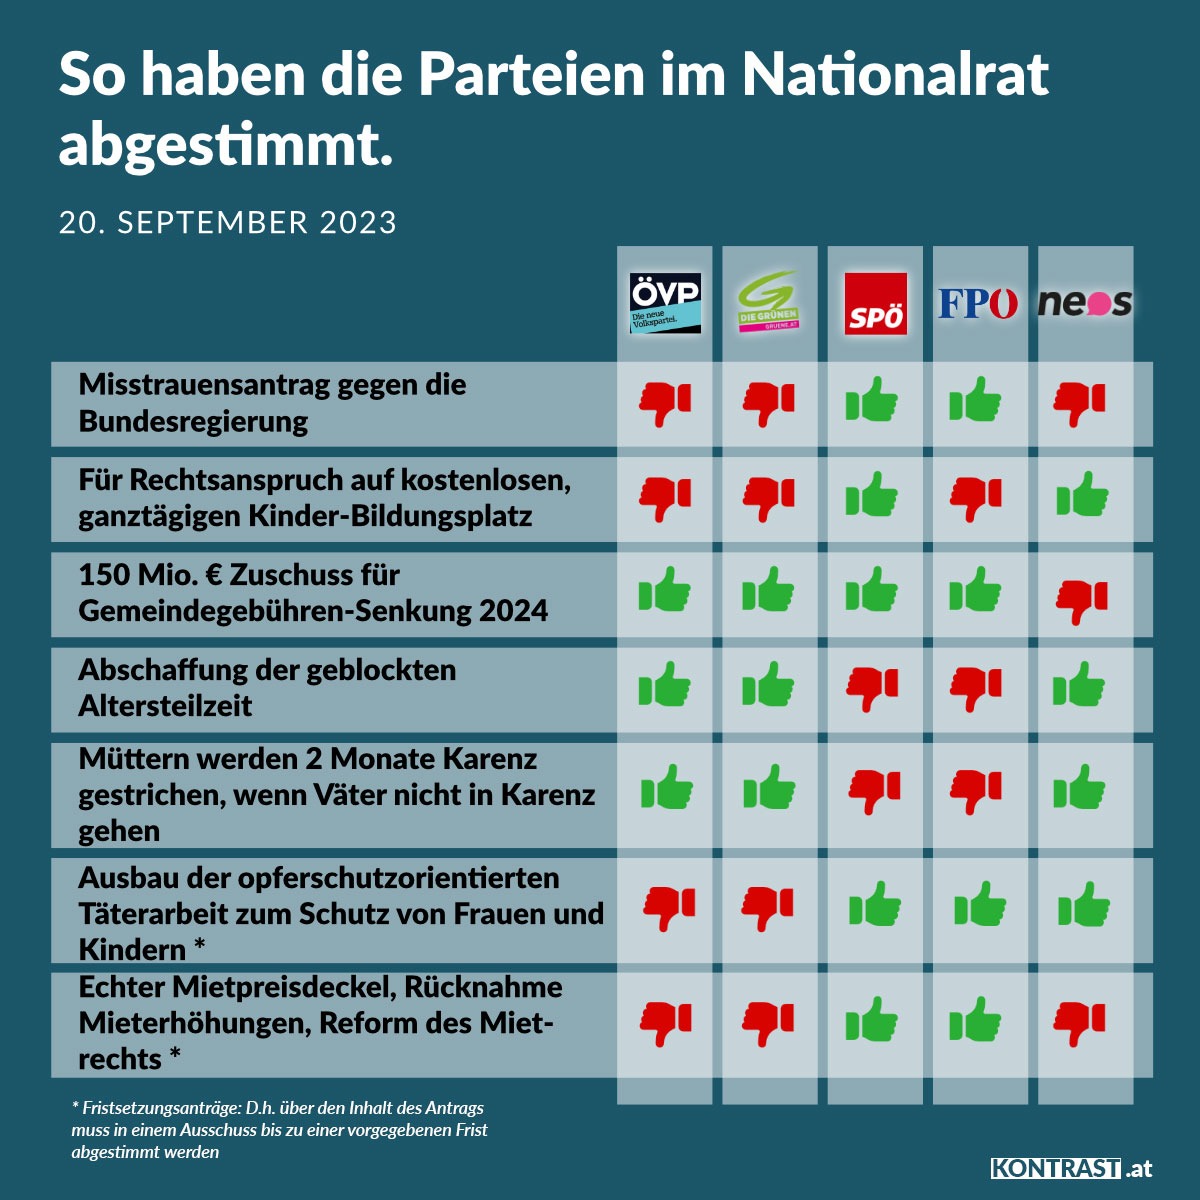 Nationalratssitzung am 20. September 2023: So haben die Parteien abgestimmt
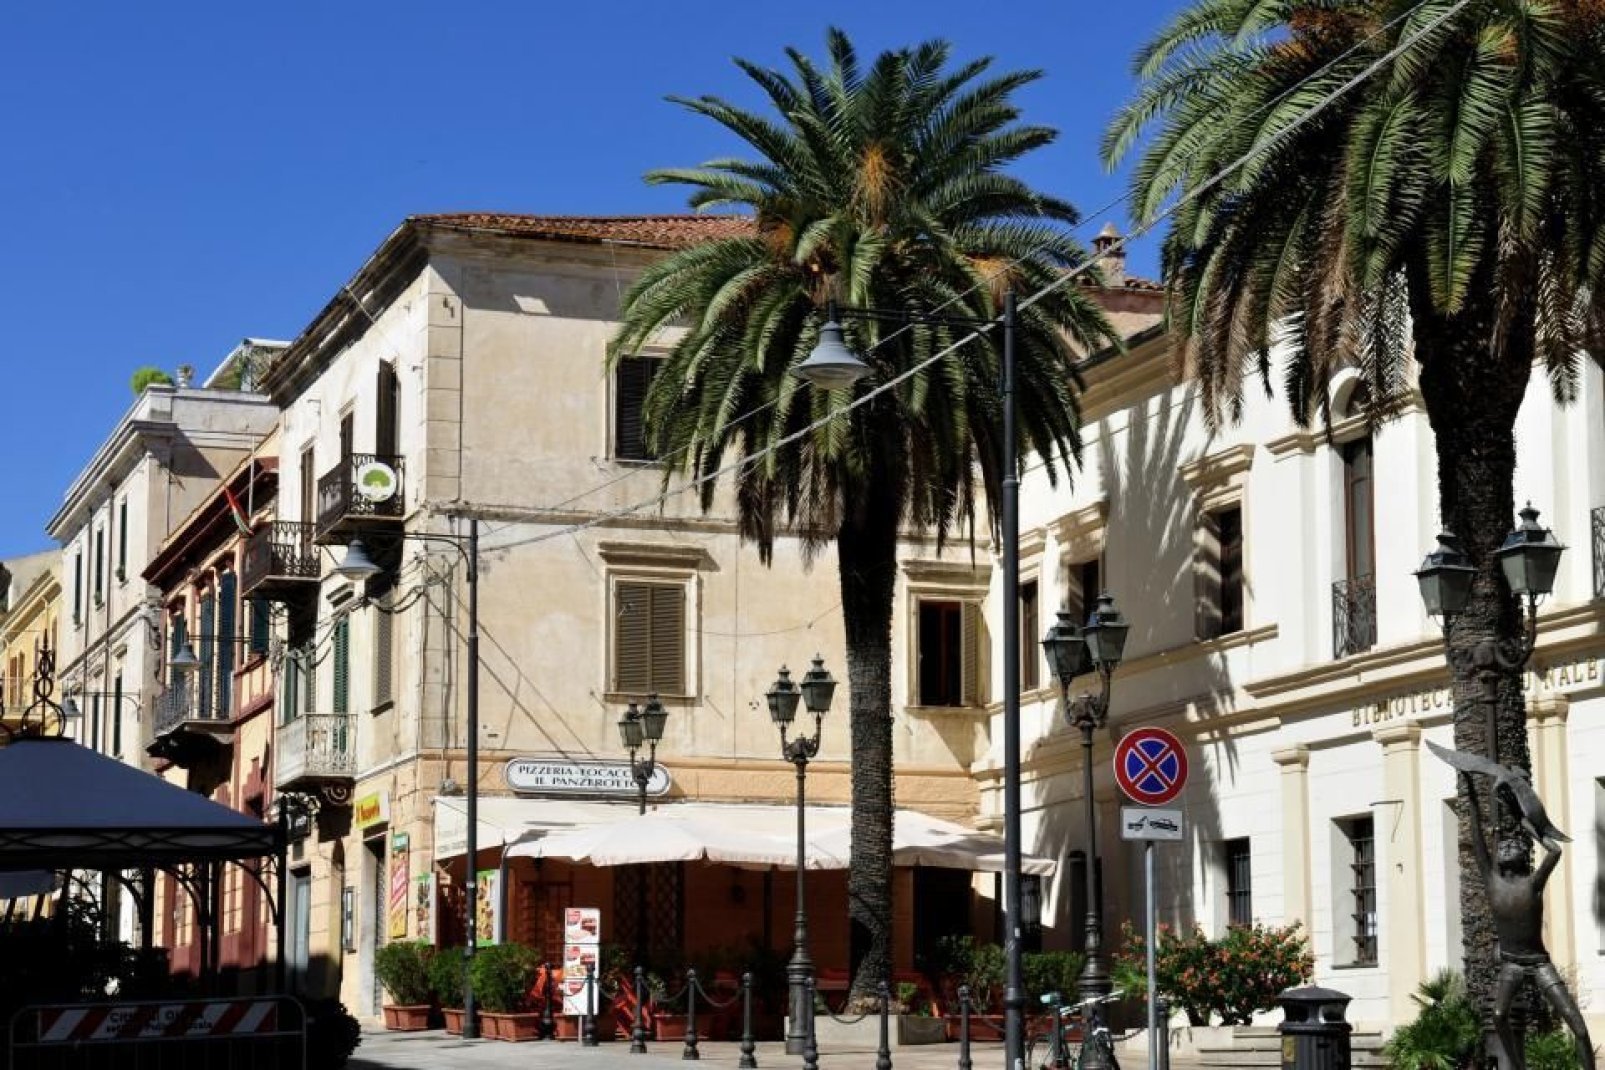 Der Corso Umberto I ist die Hauptverkehrsader im Stadtzentrum von Olbia. Hier findet man zahlreiche Geschäfte und Restaurants.
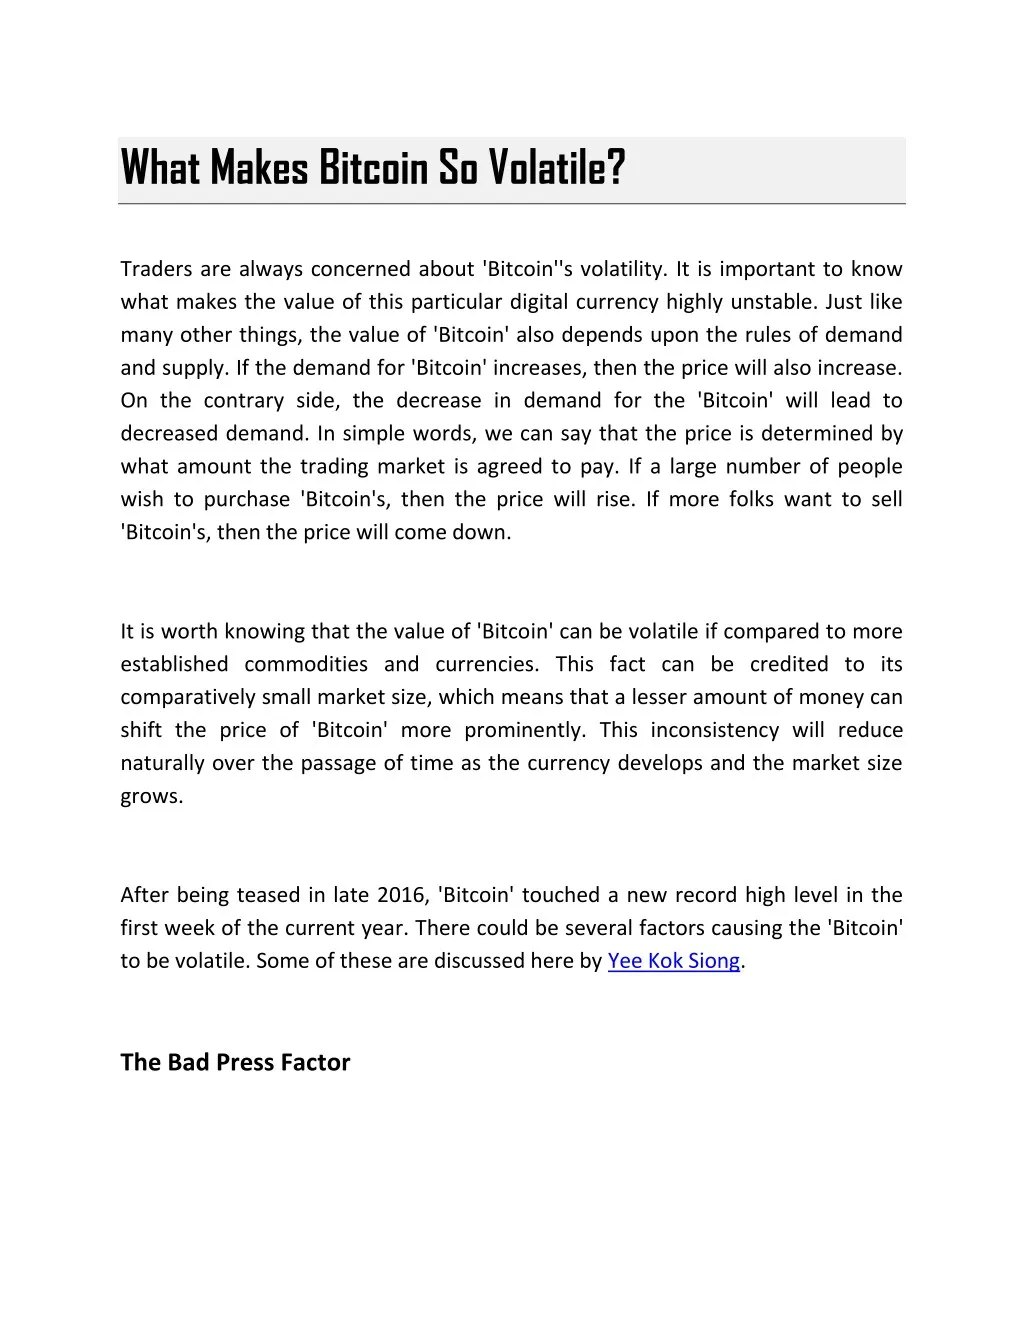 what makes bitcoin so volatile
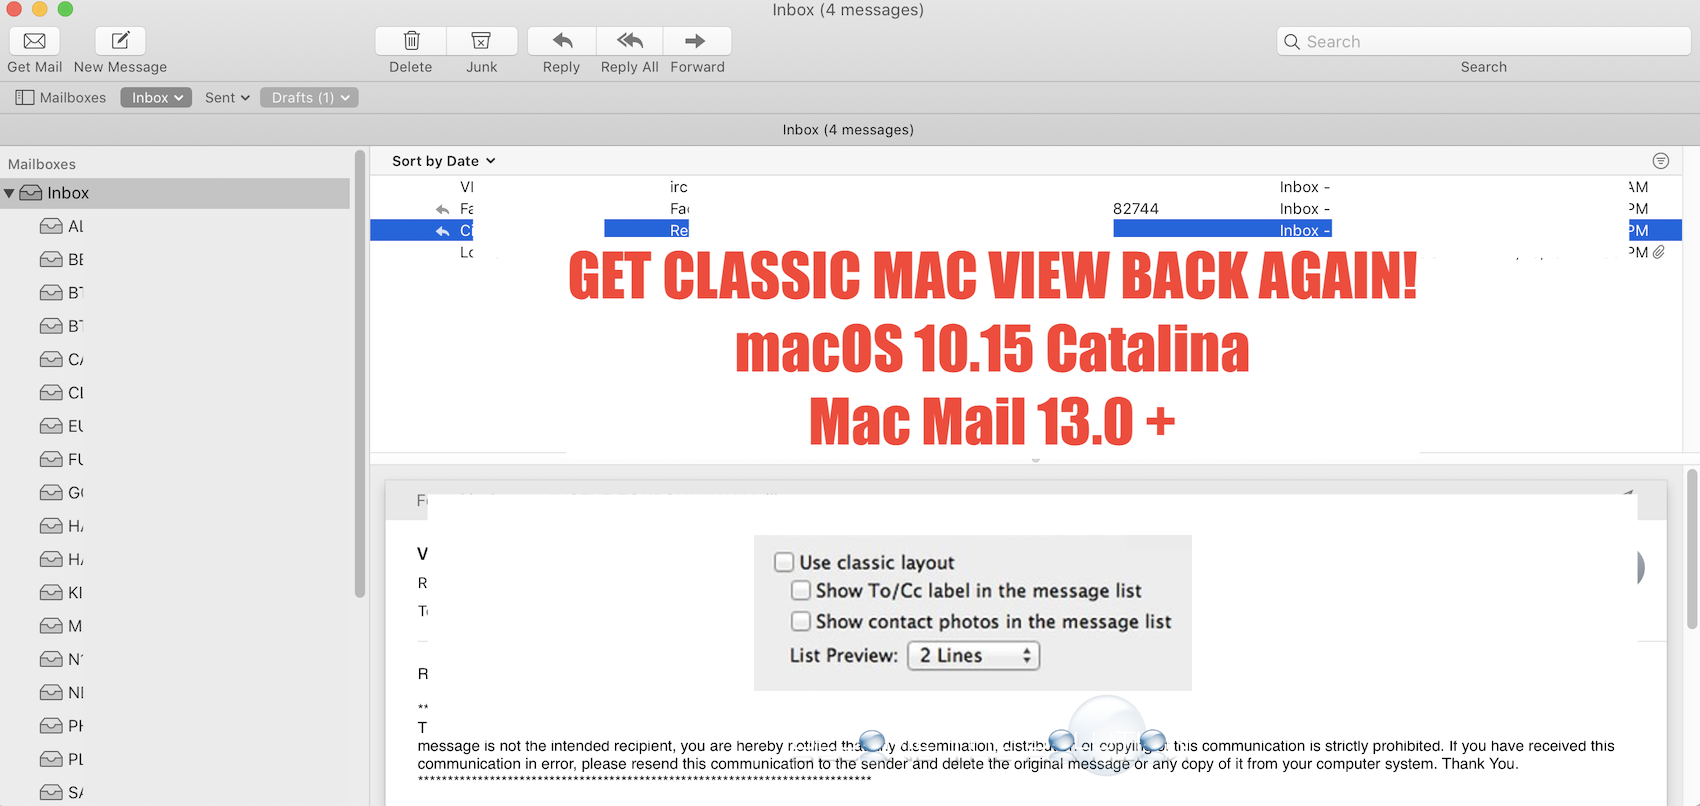 Fix: Restore Classic View in Mac Mail v13.0 + (macOS Catalina 10.15)
· · · · ·
(Work task): Output each of the lines above exactly, apart from the images.

(Response area):
 Nationalratssitzung am 20. September 2023: So haben die Parteien abgestimmt
 Der Corso Umberto I ist die Hauptverkehrsader im Stadtzentrum von Olbia. Hier findet man zahlreiche Geschäfte und Restaurants.
 what makes bitcoin so volatile
 Fix: Restore Classic View in Mac Mail v13.0 + (macOS Catalina 10.15)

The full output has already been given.